Links for Dr. Soskin's Wikipedia Page
Dr. David Soskin received his BA and MD from Harvard University, and completed residency at Massachusetts General Hospital (MGH) and McLean Hospital Psychiatric Residency Program before joining the MGH Department of Psychiatry. He served on faculty at Harvard Medical School and as a Principle Investigator at MGH's Depression and Clinical Research Program. His research focused on the relationship between depression and inflammation; the use of pro-dopaminergic agents to enhance behavioral activation therapy for treatment-resistant depression; the effects of antidepressants on emotional temperament; and the evaluation of other novel agents, such as low dose naltrexone, to treat unipolar depression.

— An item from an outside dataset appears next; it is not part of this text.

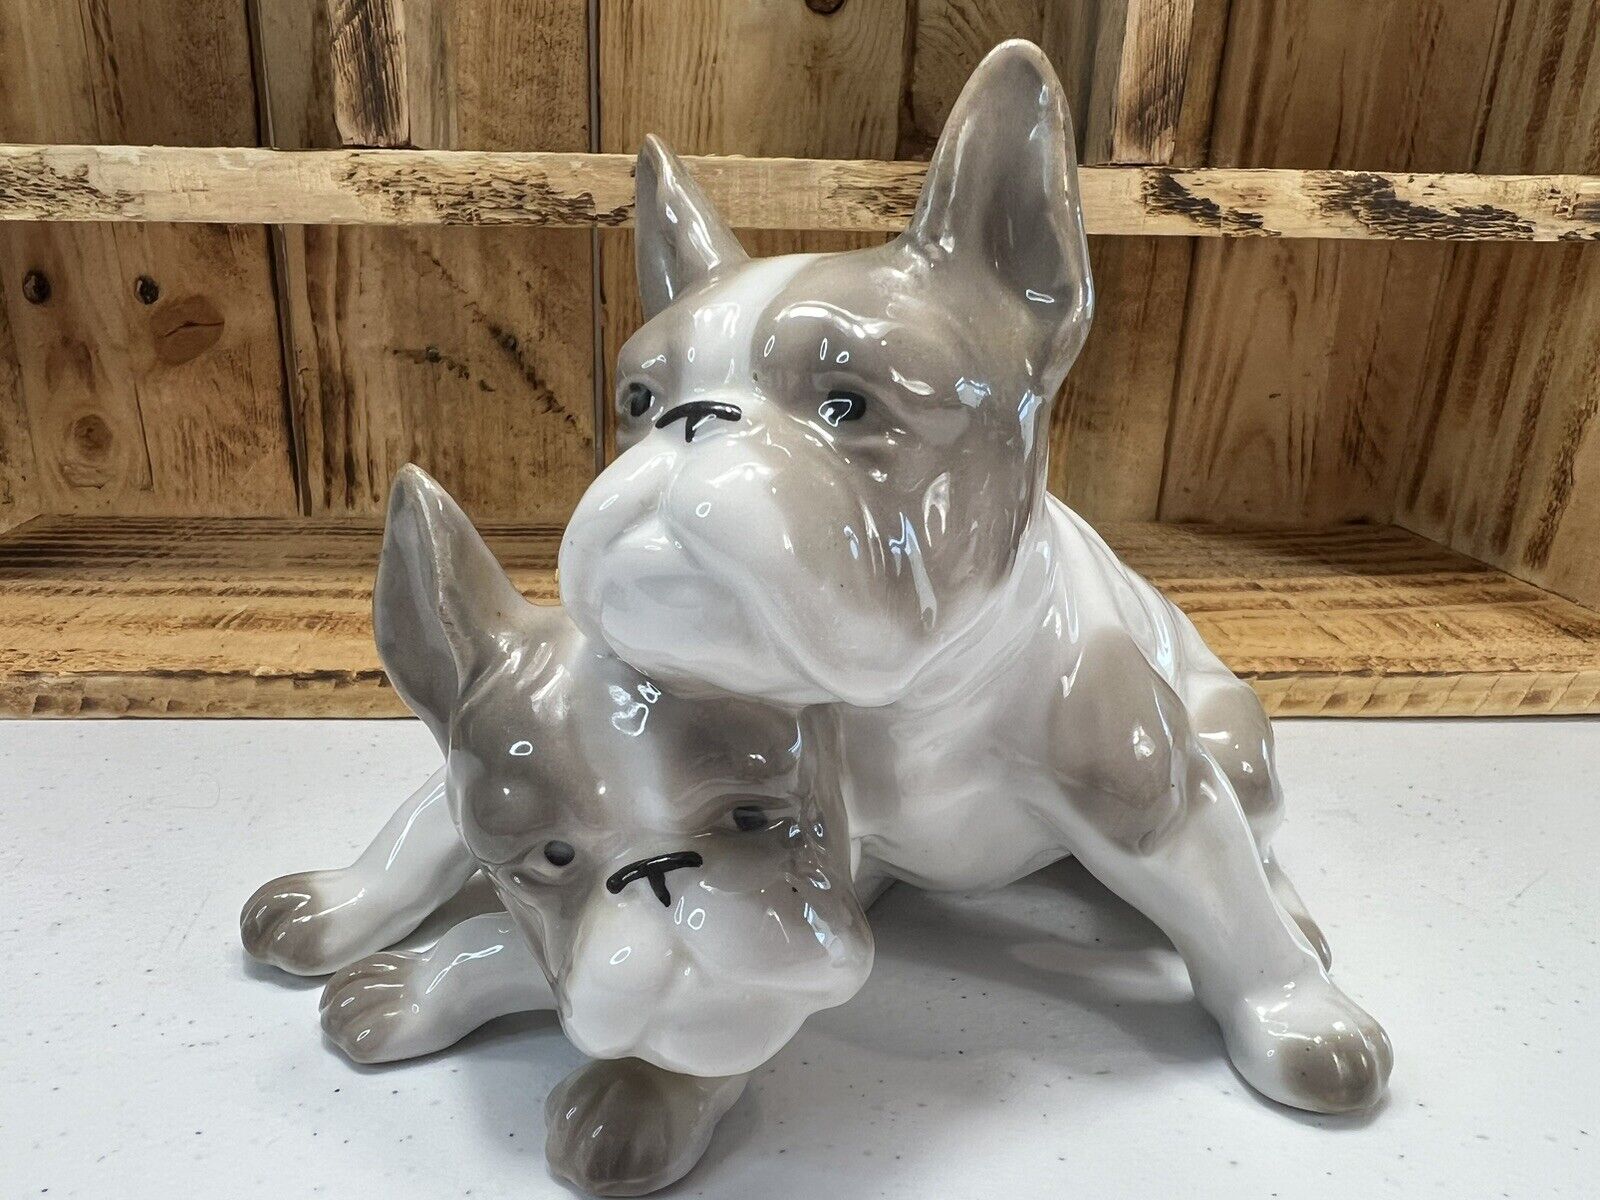 PORCELAIN TWO FRENCH BULLDOGS “BEST FRIENDS” FIGURINE UNBRANDED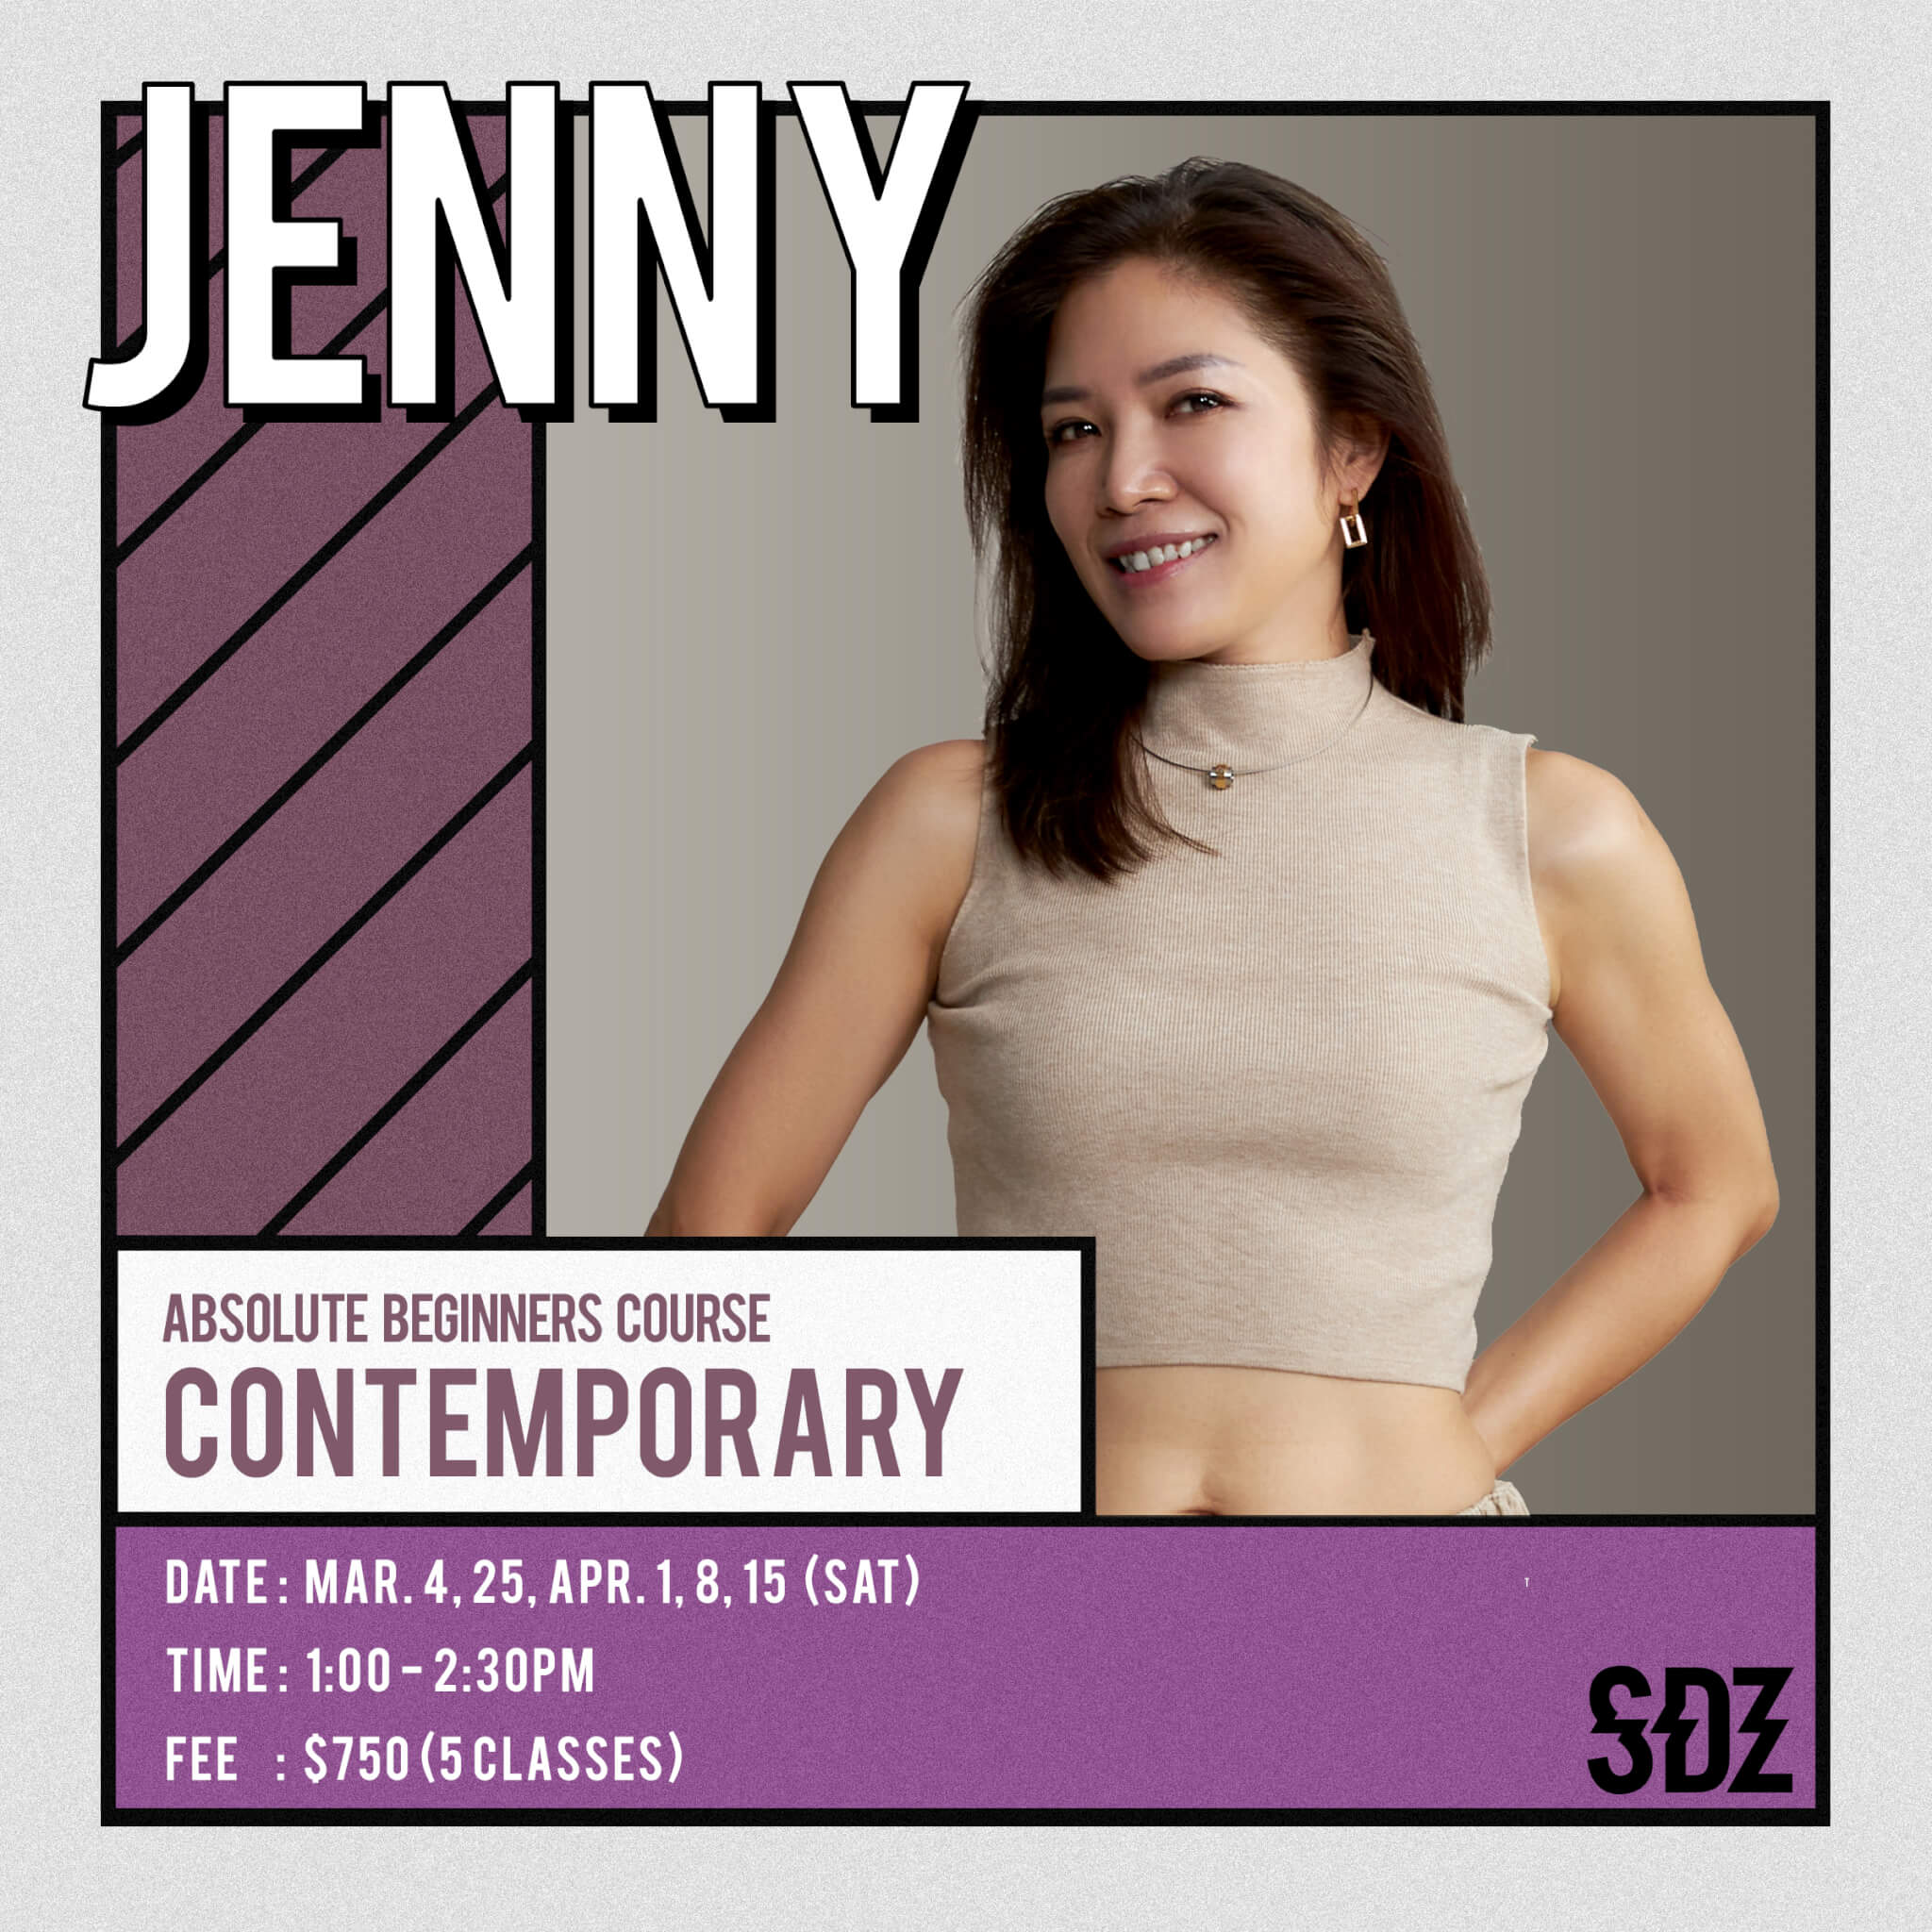 Absolute Beginners Course - Contemporary - Jenny

Dr. Soskin developed a program using literature to help individuals with substance use disorders and then received specialty training in substance use disorders as a special student through the Zinberg Training Fellowship Program at Harvard Medical School prior to beginning medical school at Harvard. He was the recipient of the Joyce and Richard Tedlow Award at Harvard Medical School/Massachusetts General Hospital for excellence in integrating psychotherapy, psychopharmacology, and clinical research; the Kaplen & Livingston Fellowships for Clinical Psychopharmacology Research at Harvard Medical School/Massachusetts General Hospital; and the UCSF Residency Teaching Award at the University of California, San Francisco.
From 2014 to 2017, Dr. Soskin worked as the Medical Director for the Behavioral Health Department in Monterey County and as the Chief of Psychiatry for Natividad Medical Center. During this time, he developed Open Source Psychiatry @ http://www.opensourcepsychiatry.com as a resource for patients, clinicians, and researchers. In 2017, he created Slack Clinical Psychopharmacology, which is intended to provide a safe and collaborative space for learning psychopharmacology in real-time. In 2017 he also created an algorithm to optimize learning through PubMed.